Are there any warnings flagged here?

rriddle added inline comments.Jul 13 2022, 2:10 PM
mlir/lib/TableGen/AttrOrTypeDef.cpp
35

Yeah, I think for now it would be nice if we just check endsWith instead of ==. That might cover most uses, where the generic builders have namespaces (e.g. "::mlir::MLIRContext *":$ctx) and the user written builders don't (e.g. "MLIRContext *":$ctx).

Mogball added inline comments.
mlir/lib/TableGen/AttrOrTypeDef.cpp
44

Checking for the string equality of the C++ types can be fragile, because it doesn't account for namespace differences, e.g. ::mlir::Type vs Type, and cannot account for implicit C++ conversions, e.g. SmallVectorImpl<T> & and ArrayRef<T>.

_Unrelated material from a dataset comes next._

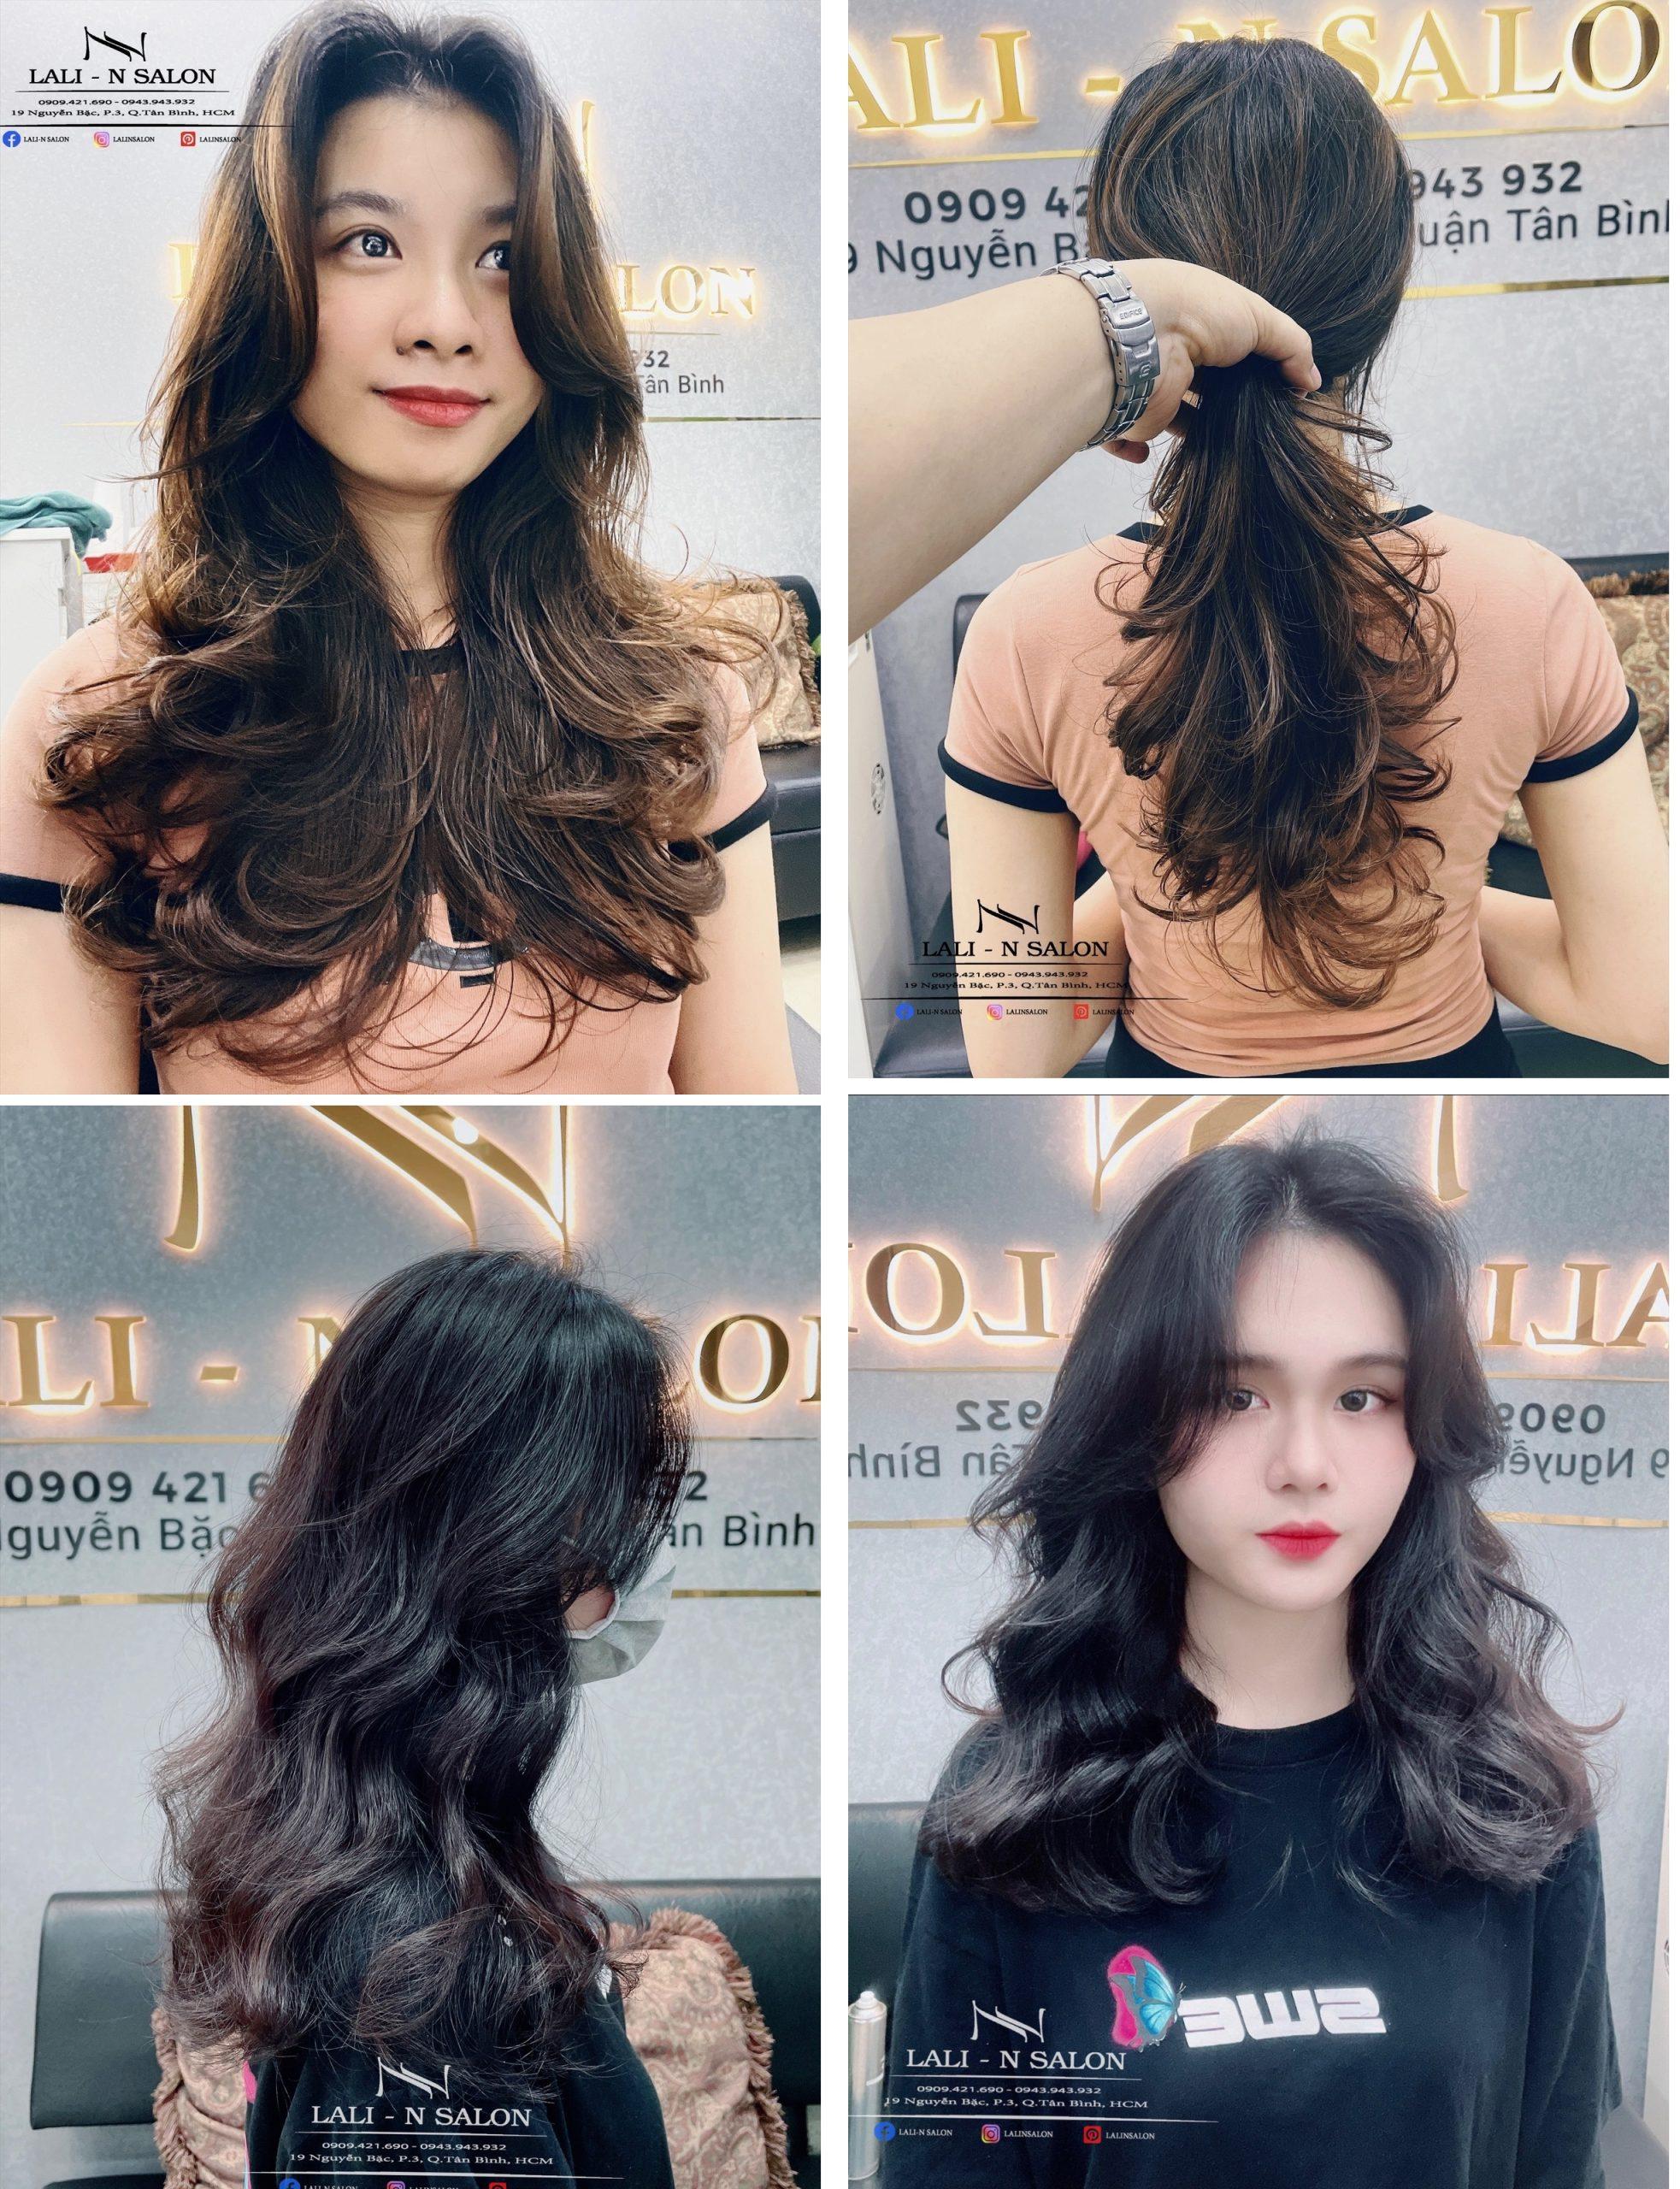 Salon uốn tóc phong cách Hàn Quốc: Bạn muốn tìm đến một salon chuyên nghiệp và có phong cách riêng để uốn tóc? Salon uốn tóc phong cách Hàn Quốc sẽ làm bạn hài lòng. Với đội ngũ chuyên viên tay nghề cao và phương pháp uốn tóc hiện đại, bạn sẽ có kiểu tóc đẹp và đầy cá tính.

wrengr updated this revision to Diff 445922.Jul 19 2022, 1:15 PM

Lots of changes/improvements.

Okay, so this is starting to turn into a rabbit hole, even without getting into any more sophisticated string comparisons. Here are the problems I'm running into at the moment:

  1. Errors emitted by the AttrOrTypeDef ctor occur before the errors emitted by mlir::tblgen::generateAttrOrTypeFormat, therefore the test/mlir-tblgen/attr-or-type-format-invalid.td file can't include tests for errors emitted by both sources (without implicitly ordering the seemingly-independent tests so that their errors occur in FileCheck order).
  1. Fatal errors emitted by AttrOrTypeDef don't respect the -asmformat-error-is-fatal=false commandline option, so they cause mlir-tblgen to exit before even calling generateAttrOrTypeFormat. The mlir/lib/TableGen/AttrOrTypeDef.cpp file isn't allowed to include the mlir/tools/mlir-tblgen/FormatGen.h header, so it can't access that commandline option directly; so if we want these errors to respect that commandline option, then the only solution I can think of is for the AttrOrTypeDef ctor to take an extra bool argument, and then have the callers thread things through. However, such explicit threading of state is a code smell and will quickly become gross. Alas, without somehow respecting the commandline option, each test record that expects a fatal error would have to be given their own separate files.
  1. Relatedly, since the "unsure" case could still have too many false-positives, ideally we'd have some other commandline option for indicating whether the user desires the warnings or not. Which runs into the same issues re threading state around.
  1. The biggest issue, however, is that the AttrOrTypeDef ctor is called repeatedly for the same Record. This means that any expensive checks will be run repeatedly, and any non-fatal messages will also be reported repeatedly. I think this one has a feasible solution, though I haven't tried it out yet. Namely: the AttrOrTypeDef ctor seems to only be called by mlir/tools/mlir-tblgen/AttrOrTypeDefGen.cpp:collectAllDefs, and that function seems to only be called by mlir/tools/mlir-tblgen/AttrOrTypeDefGen.cpp:DefGenerator, which only calls it with the DefGenerator::defRecords field, which itself doesn't seem to be used anywhere else. If that chain of references is indeed the only one, then we could have DefGenerator store the vector of AttrOrTypeDef objects in lieu of the vector of Record*, and adjust the type of collectAllDefs accordingly. This way, the AttrOrTypeDef ctor is only called once on any given record, and the results are cached in the DefGenerator for it to reuse for both decls and defs.
wrengr marked 2 inline comments as done.Jul 19 2022, 1:29 PM
wrengr added inline comments.
mlir/lib/TableGen/AttrOrTypeDef.cpp
44

Oh I'm all too aware of the many fragilities of using string comparisons to try emulating type comparisons :) E.g., there's also things like whitespace differences. I have some preliminary work to deal with whitespace and K3 matching of namespaces, but don't want to spend too much time working on that until after determining if we even want to stick with this approach at all (as opposed to, say, adding a new bit hasDefaultPrototypeCustomBuilder field for users to explicitly say when they have some custom builder they expect to match).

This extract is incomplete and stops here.